■ **About this exercise**
All of the data should be repeated exactly; pictures are not part of the copy.

■ **Collected data**
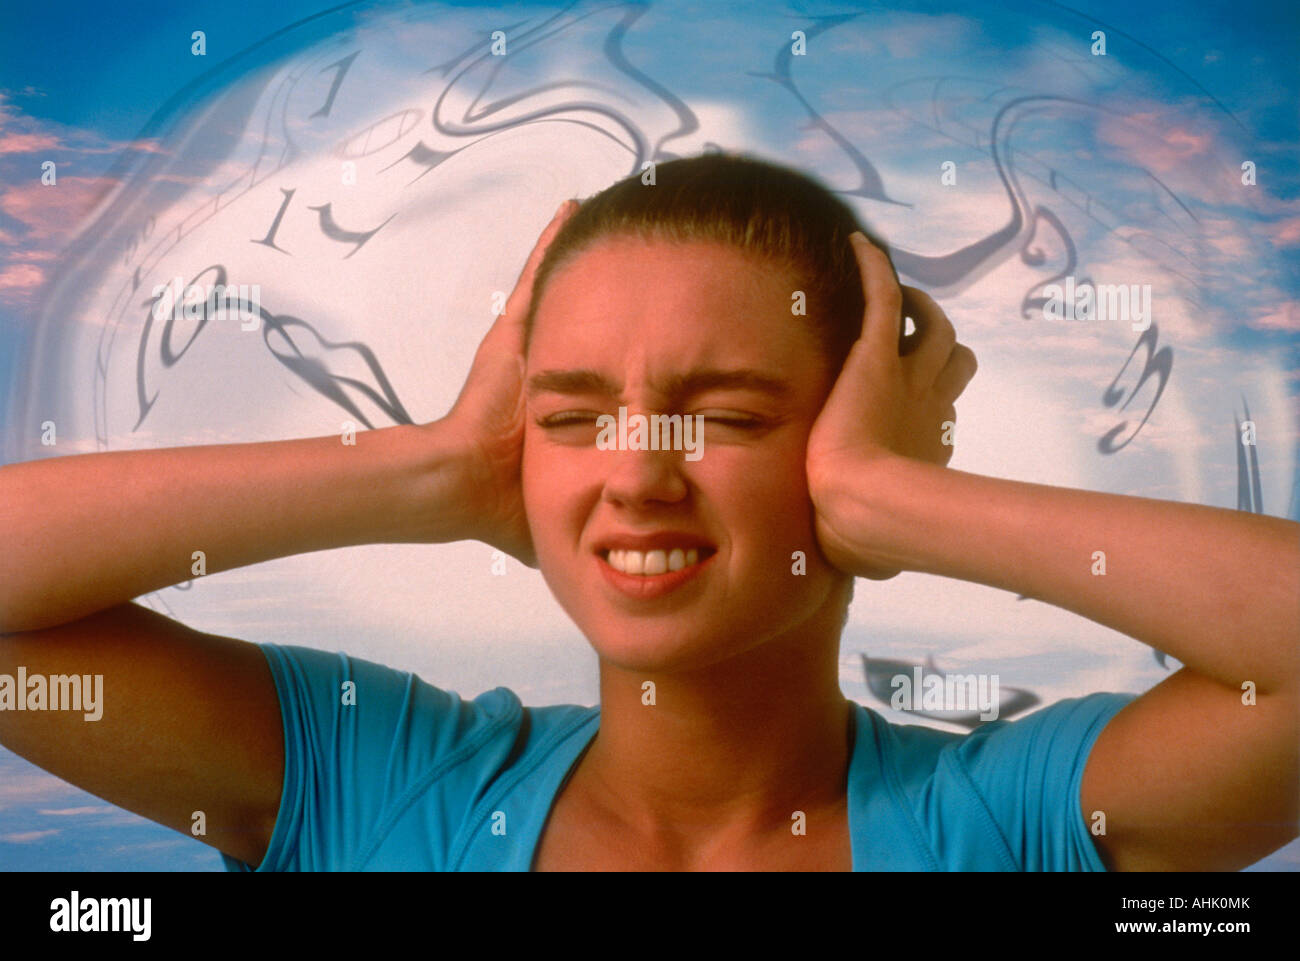 Ottimizzazione digitale simbolismo per il tinnito stress o ronzio nelle orecchie Foto Stock
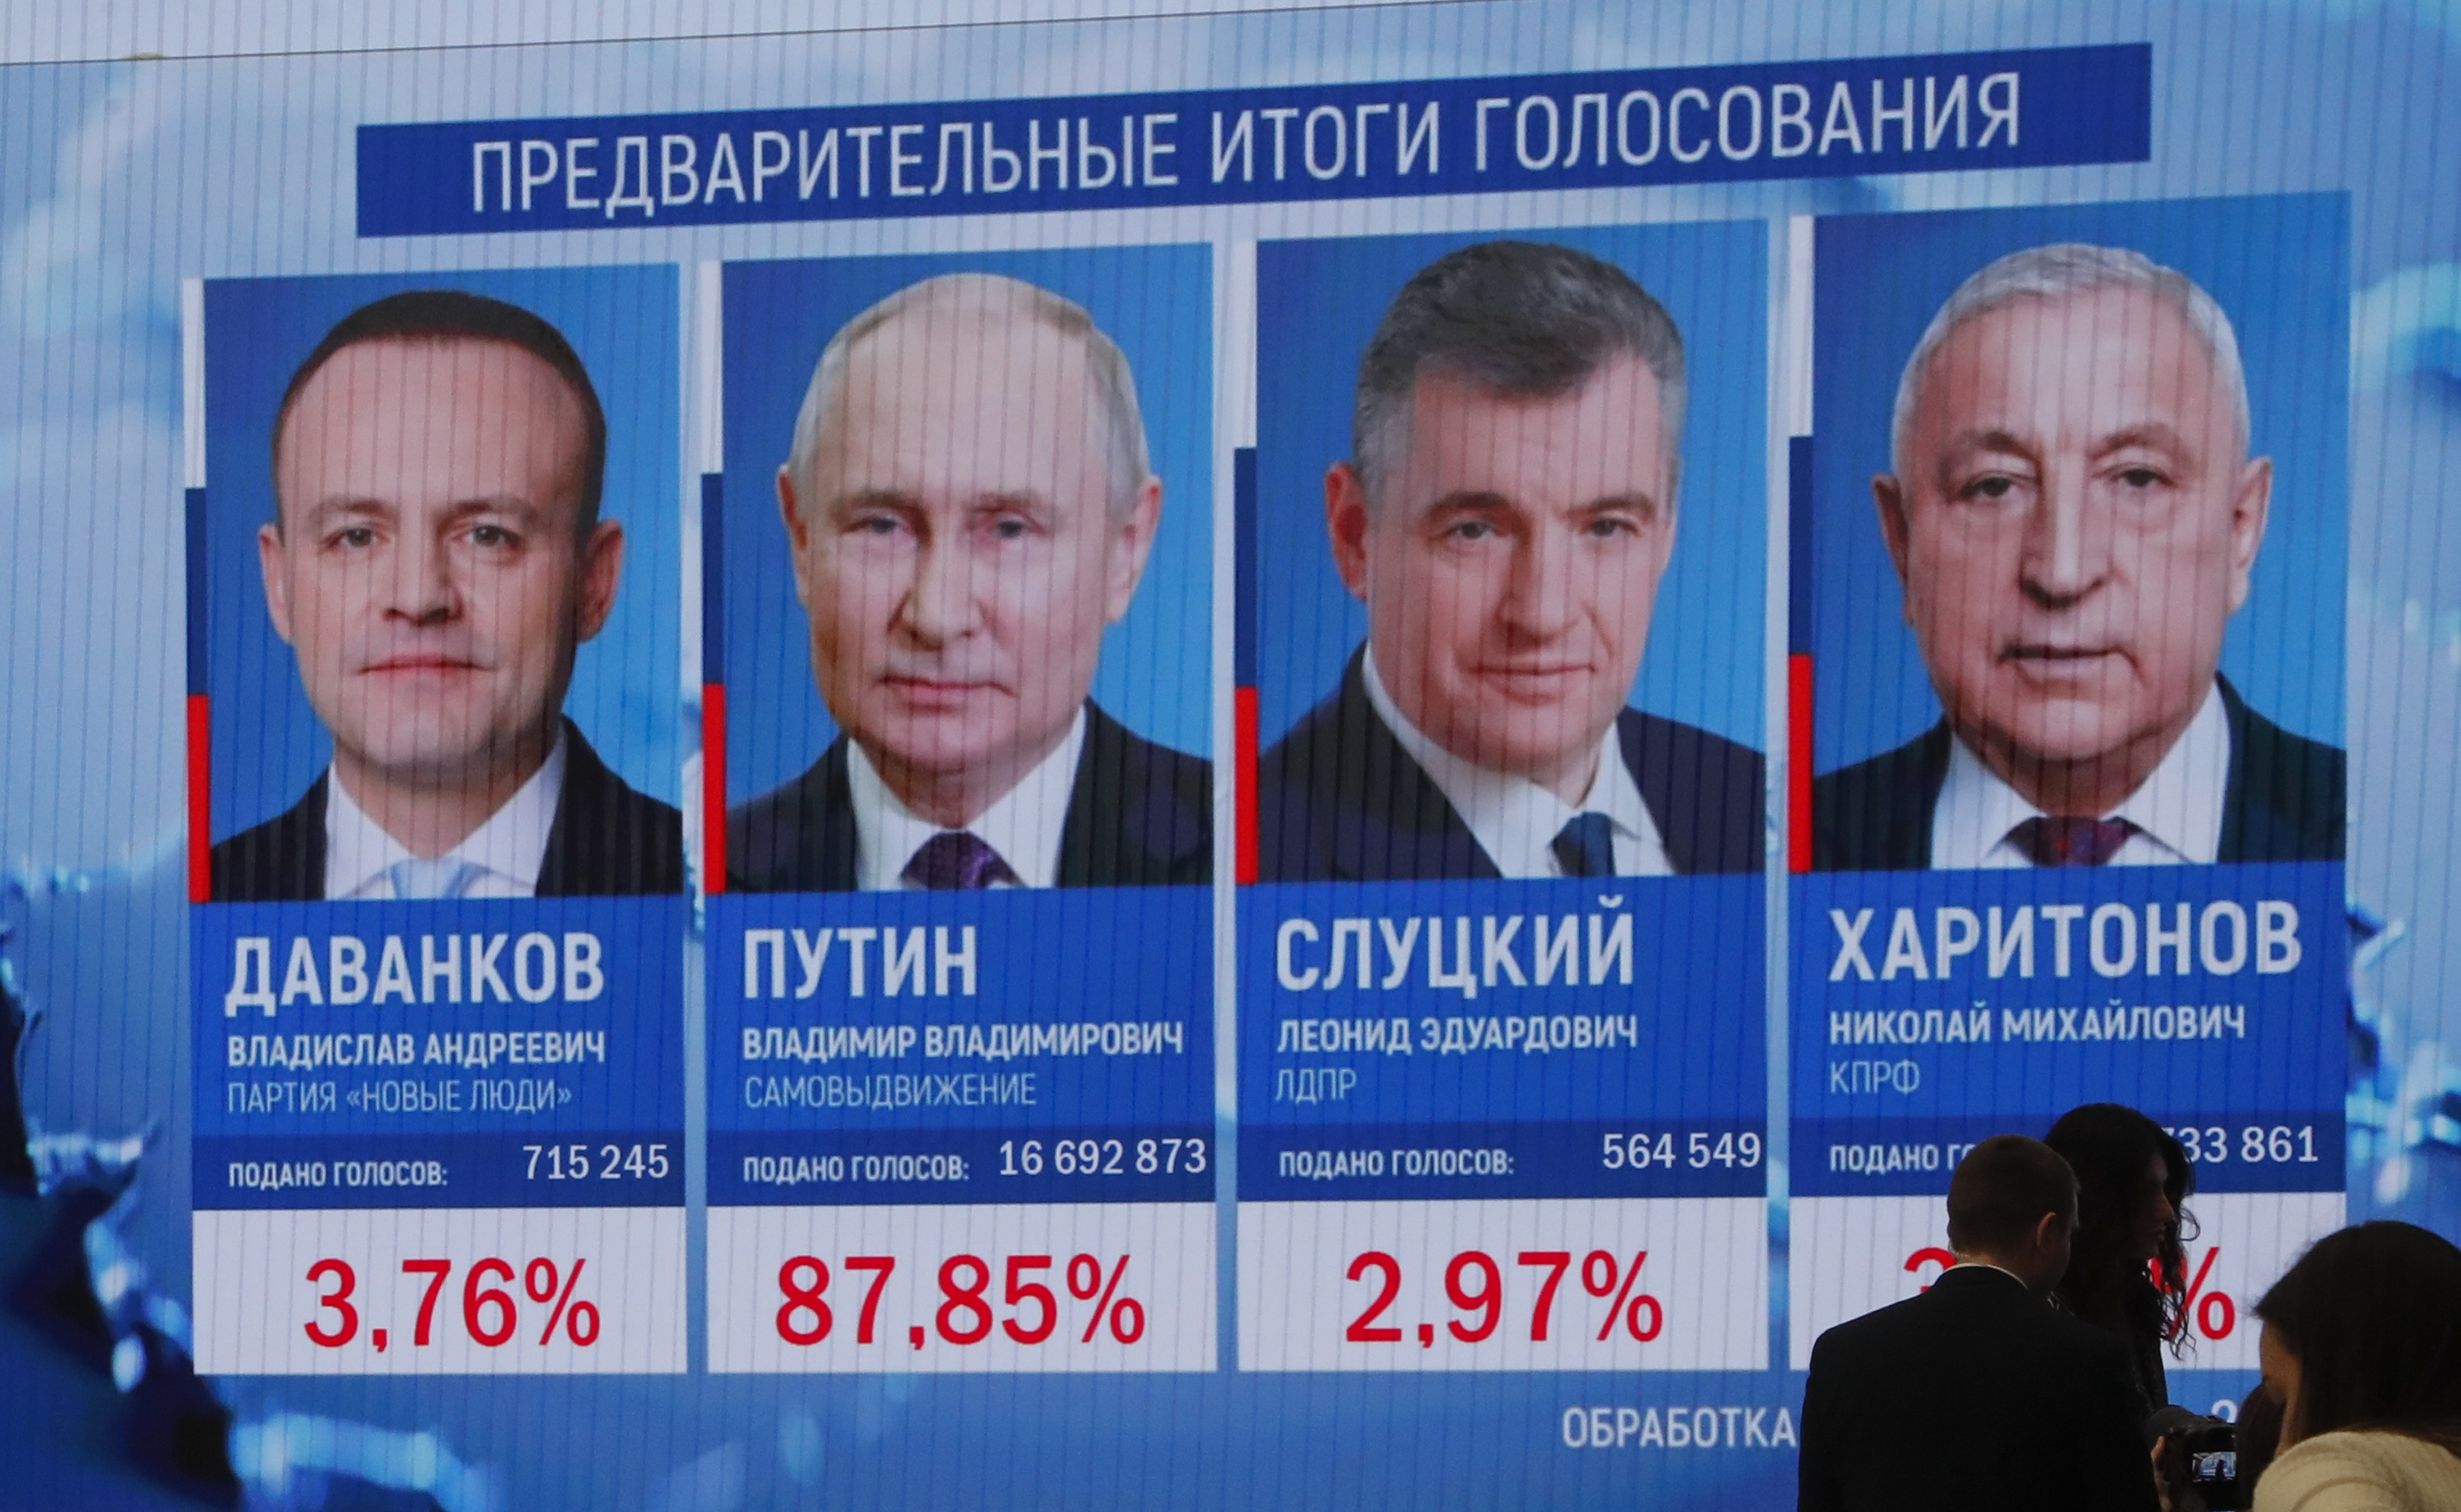 Putin sería el ganador de las elecciones rusas, según los resultados preliminares presentados. (Foto Prensa Libre: EFE/EPA/MAXIM SHIPENKOV)
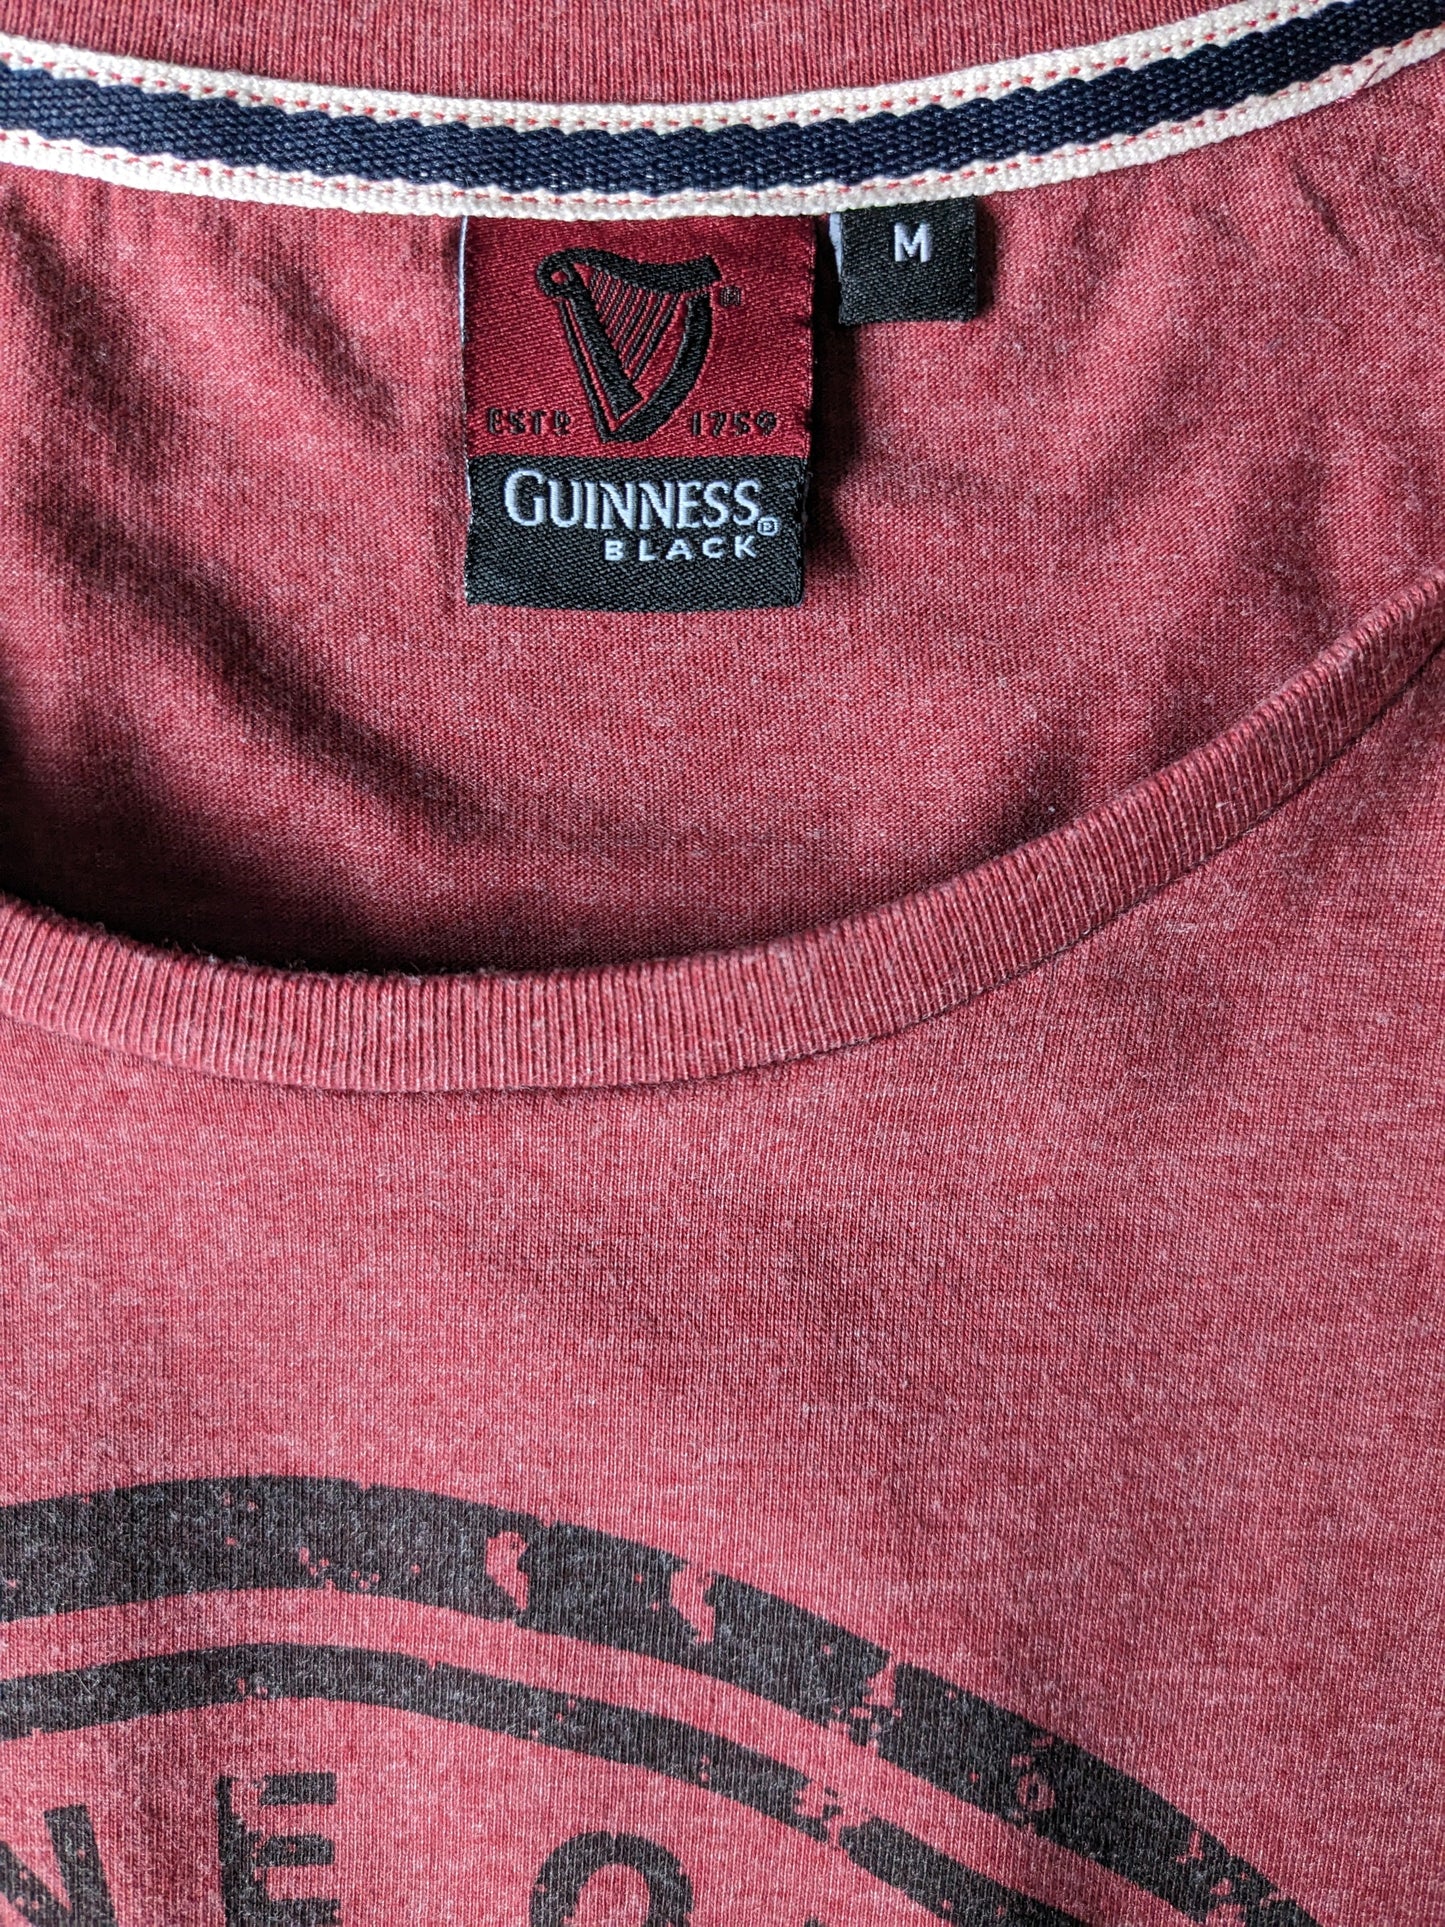 Guinness -Hemd. Rot gemischt mit Druck. Größe M.

■ **Written solution**
 Ottimizzazione digitale simbolismo per il tinnito stress o ronzio nelle orecchie Foto Stock
 Putin sería el ganador de las elecciones rusas, según los resultados preliminares presentados. (Foto Prensa Libre: EFE/EPA/MAXIM SHIPENKOV)
 Guinness -Hemd. Rot gemischt mit Druck. Größe M.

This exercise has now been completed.